Shiley Center for Orthopaedic Research and Education at Scripps Clinic, La Jolla, CA, USA.
Division of Orthopaedic Surgery, Scripps Clinic, La Jolla, CA, USA.
J Shoulder Elbow Surg. 2014 Mar;23(3):347-54. doi: 10.1016/j.jse.2013.06.008. Epub 2013 Sep 3.
This study undertook a computational analysis of a wedged glenoid component for correction of retroverted glenoid arthritic deformity to determine whether a wedge-shaped glenoid component design with a built-in correction for version reduces excessive stresses in the implant, cement, and glenoid bone. Recommendations for correcting retroversion deformity are asymmetric reaming of the anterior glenoid, bone grafting of the posterior glenoid, or a glenoid component with posterior augmentation. Eccentric reaming has the disadvantages of removing normal bone, reducing structural support for the glenoid component, and increasing the risk of bone perforation by the fixation pegs. Bone grafting to correct retroverted deformity does not consistently generate successful results.
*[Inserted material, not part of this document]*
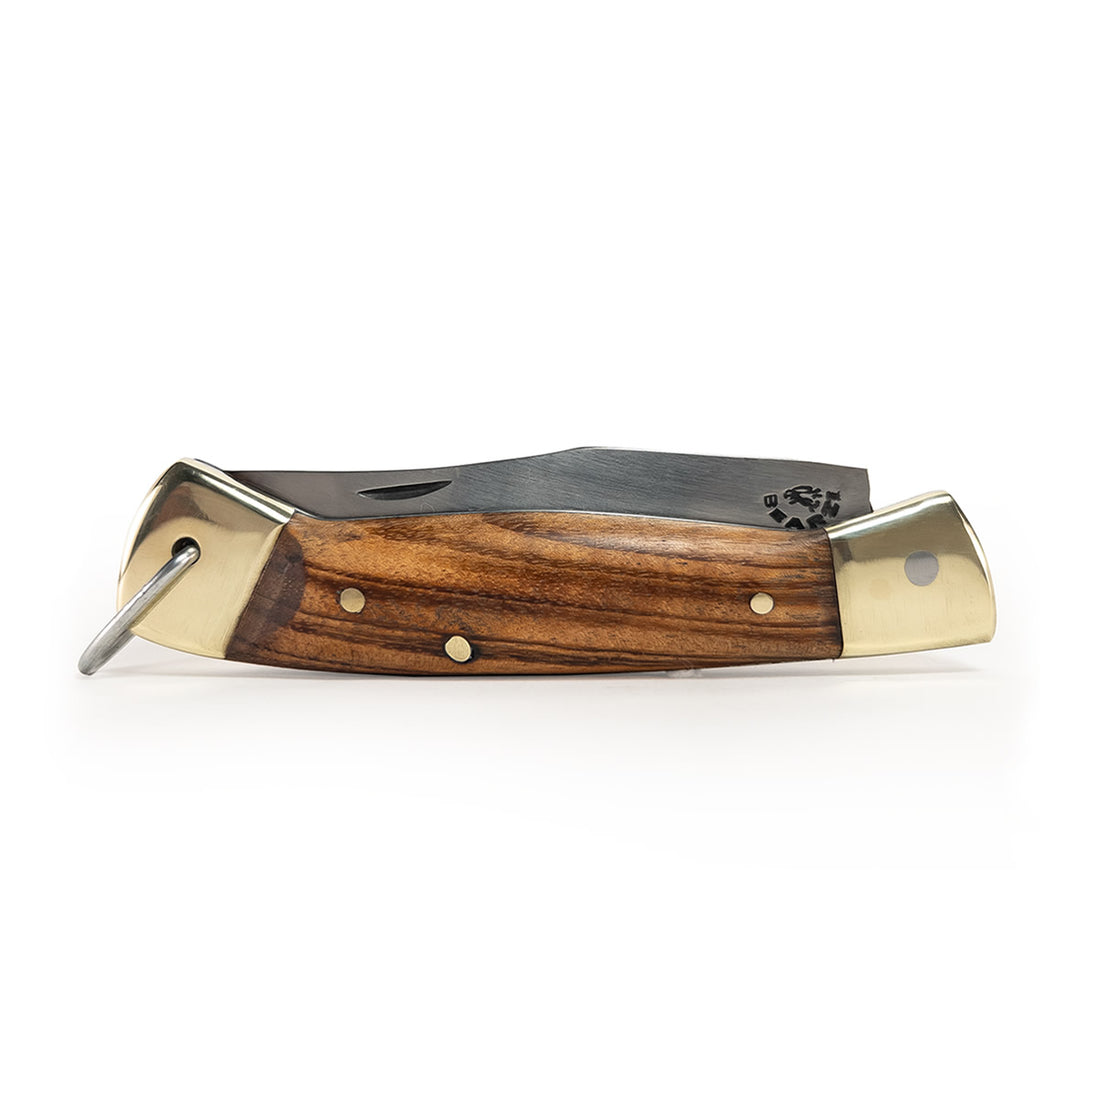 Furbem - Canivete HR clássico. Cabo em madeira e lâmina forjada em aço inox

Finite element models of 2 scapulae models representing a normal and an arthritic retroverted glenoid were implanted with a standard glenoid component (in retroversion or neutral alignment) or a wedged component. Glenohumeral forces representing in vivo loading were applied and stresses and strains computed in the bone, cement, and glenoid component.
The retroverted glenoid components generated the highest compressive stresses and decreased cyclic fatigue life predictions for trabecular bone. Correction of retroversion by the wedged glenoid component significantly decreased stresses and predicted greater bone fatigue life. The cement volume estimated to survive 10 million cycles was the lowest for the retroverted components and the highest for neutrally implanted glenoid components and for wedged components.
A wedged glenoid implant is a viable option to correct severe arthritic retroversion, reducing the need for eccentric reaming and the risk for implant failure.
本研究通过计算分析楔形肩胛盂假体来矫正后倾的肩胛盂关节炎畸形,以确定是否楔形肩胛盂假体设计与内置的矫正版本减少了植入物、水泥和肩胛盂骨的过度应力。矫正后倾畸形的建议包括前肩胛盂的不对称扩孔、后肩胛盂的植骨或带有后增强的肩胛盂假体。偏心扩孔具有去除正常骨、减少对肩胛盂假体的结构支撑以及增加固定钉穿透骨的风险的缺点。为了矫正后倾畸形而进行植骨并不能始终产生成功的结果。
用标准的肩胛盂假体(后倾或中立对齐)或楔形假体植入代表正常和关节炎后倾的两个肩胛盂模型的有限元模型。施加代表体内负荷的盂肱关节力,并计算骨、水泥和肩胛盂假体中的应力和应变。
后倾的肩胛盂假体产生了最高的压缩应力,并降低了小梁骨的循环疲劳寿命预测。楔形肩胛盂假体矫正后倾显著降低了应力并预测了更大的骨疲劳寿命。估计能存活 1000 万次循环的水泥体积对于后倾组件最低,对于中立植入的肩胛盂组件和楔形组件最高。
楔形肩胛盂假体是矫正严重关节炎后倾的可行选择,可以减少偏心扩孔的需要和植入物失效的风险。